Access to broadband internet is on the rise in South Africa and if you’re looking to join the revolution, there are two options available to you.
The first, of course, is fibre. Here, glass fibre optic cable is installed in the ground and diverted to homes and businesses for personal use. The cable transfers data at light speed, on a securely-managed network. Link Africa is one of the leading ‘Open-Access’ licensed fibre network operators in South Africa.
The second option is dubbed LTE, and is our focus for this article.
LTE stands for “Long-Term Evolution” and exists as an entirely wireless broadband solution with mobility.
The advantage of LTE is that it relies on broadcasting towers, not cable, meaning a cable doesn’t need to be installed in the ground over the ‘last mile’ to your home or business. That makes it a faster convenience for neighbourhoods and businesses that don’t yet have fibre in their area.
The issue is that LTE is often sold as an all-you-can-eat solution when the actual ‘user experience’ is often underwhelming compared to the LTE ‘promise’.
LTE in focus
The first and crucial stress point is LTE’s delivery mechanism.
With wireless, location is everything. The speed you’re getting depends on how far you are from the nearest broadcasting tower and the prevailing environmental conditions at the time you need to use it. But until you sign on the dotted line and buy an LTE package, there’s no telling the speeds you’ll get at the locations you may need it in.

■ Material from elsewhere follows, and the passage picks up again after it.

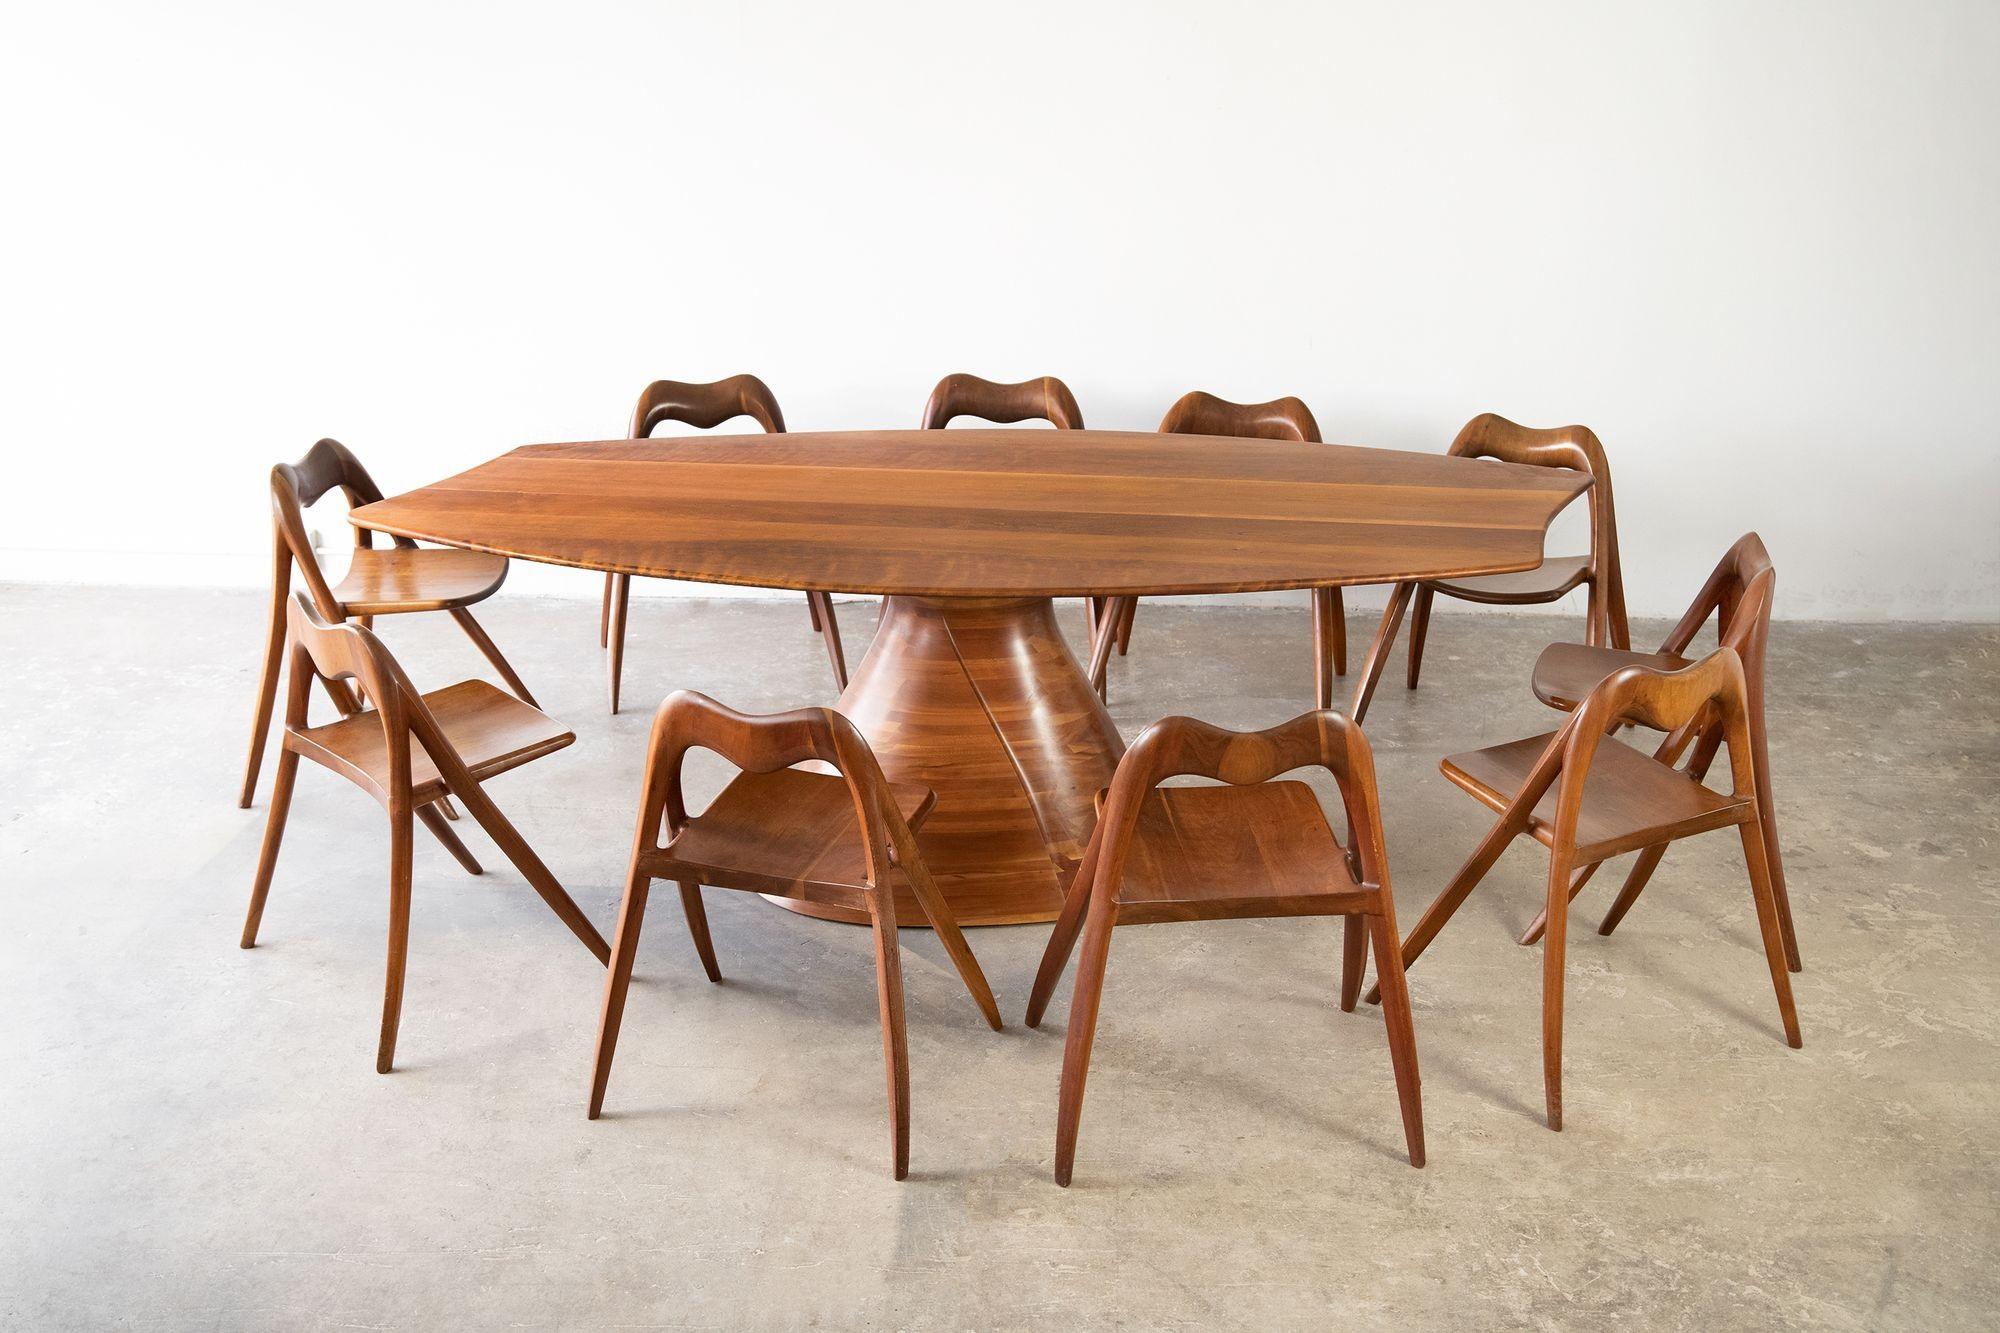 Claude Terrell Magnum Opus Dining Set 1970s Organic Studio Crafted Modernism For Sale 5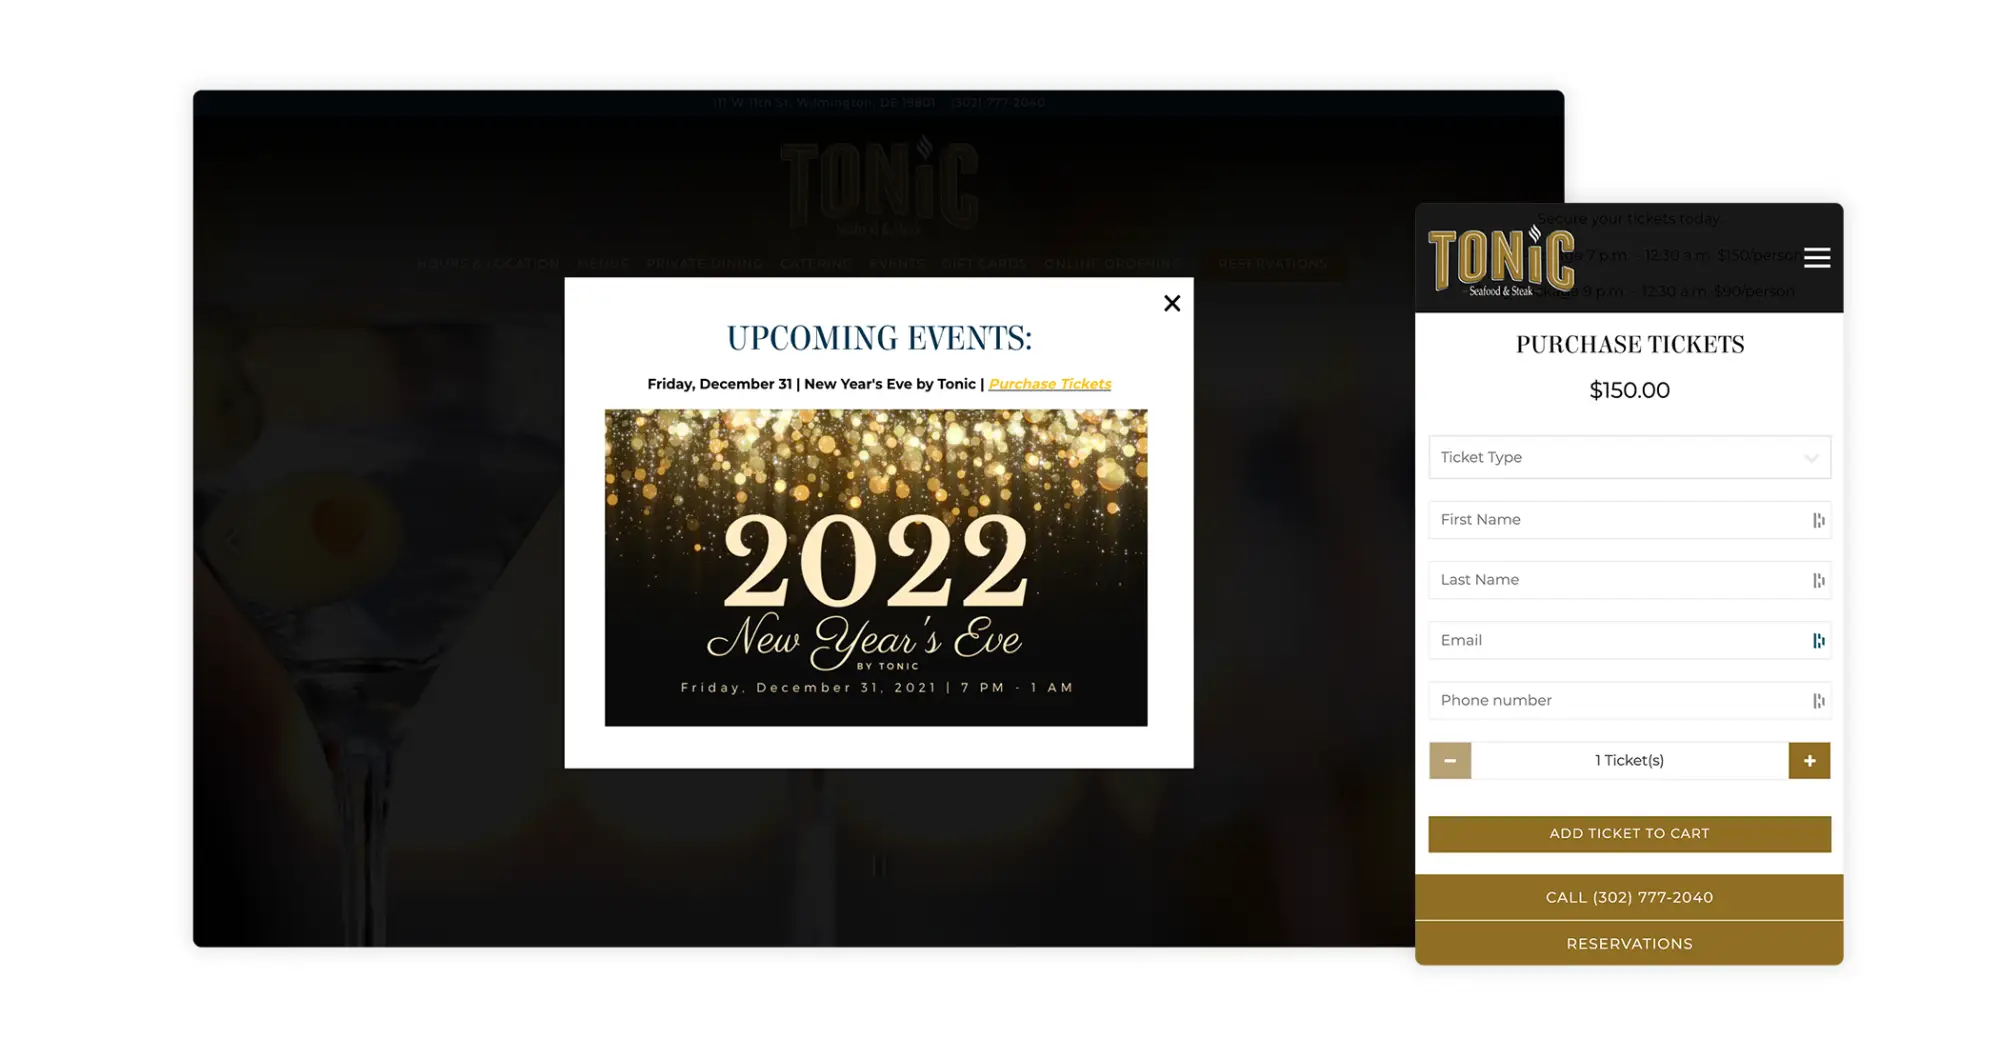 Tonic Seafood and Steak promotes its New Year’s Eve ticketed event using pop-up alertsal user interface, website

That brings us to the second issue: the way LTE is being sold. For some reason, across the industry, LTE is often bundled with uncapped data and comes at a fixed price of R799 per month on a 24-month contract. For one, 24 months is a long time in an industry that changes week by week. For another, you get no guarantees on quality. Even if you live a long way from the nearest tower, and experience slow speeds as a result, you’re still required to pay the R799 – for 24 months.
It’s not as if your speed will improve over time, either. One thing LTE providers don’t tell you is that there is no way to control the number of users using any one tower at any given time. Wireless is just that – wireless, and as the user-base expands, you’ll see speeds dropping further as more subscribers contend for capacity from the same antenna signal.
The Netflix equation
The crucial difference between LTE and Fibre is exclusivity or contention.
Let’s use an analogy we can all get behind. LTE is like a busy highway. You’re speeding through the tunnel, on the open road, when you hit traffic. Your car slows to a crawl. You’ve still got access to every inch of that asphalt, as before, only your everyday drive is taking ten times as long. Just like your download speeds.
Fibre? It’s like having your own personal road. Your driving pleasure (speed) is easy to manage behind the scenes, because it’s only you and your family using it. The only real threat of congestion can come from your Internet Service Provider, who manages your service. By and large, a quality ISP will deliver you a quality service, while the mechanism through which LTE works cannot make the same guarantees.
With this in mind, how will LTE cope with the rigours of modern content platforms like Netflix, Showmax and Apple TV? Who wants to watch online and if they’re sitting in stuttering traffic all day?
Soon, we’re all going to be consuming uncapped internet, where there are no limitations on our data. This makes sense in a world where streaming services will ask that we upload and download gigabytes of data by the hour.
But beware, because uncapped is not a one-size fits all term.
A true uncapped connection delivers content irrespective of type. Data should ideally not be “shaped”, “capped” or “throttled”. Again, this is determined by your ISP, and is something Link Africa has no control over. Still, if you’re a paying LTE customer, you might be on a congested highway, but for R799 a month, you want your own private slip-road.
The last point to bear in mind is the payment structure itself. 24-month contracts are becoming increasingly undesirable to the consumer market in an industry where the rate of change is rapid, and only one thing is certain: you’ll save yourself a lot of money in the long run if you stick to a shorter deal.
As a short term solution for consumers without access to fibre, LTE can do a job. But before you take the plunge, bear a few things in mind:
- LTE is great when you are ‘on the move’ but can be costly and suffer from congestion and environmental effects.
- Fibre is best for that ‘fixed’ location solution and is the most scalable to meet increasing demand for speed.
- LTE makes a great alternate broadband channel should the fibre be out of service for any length of time.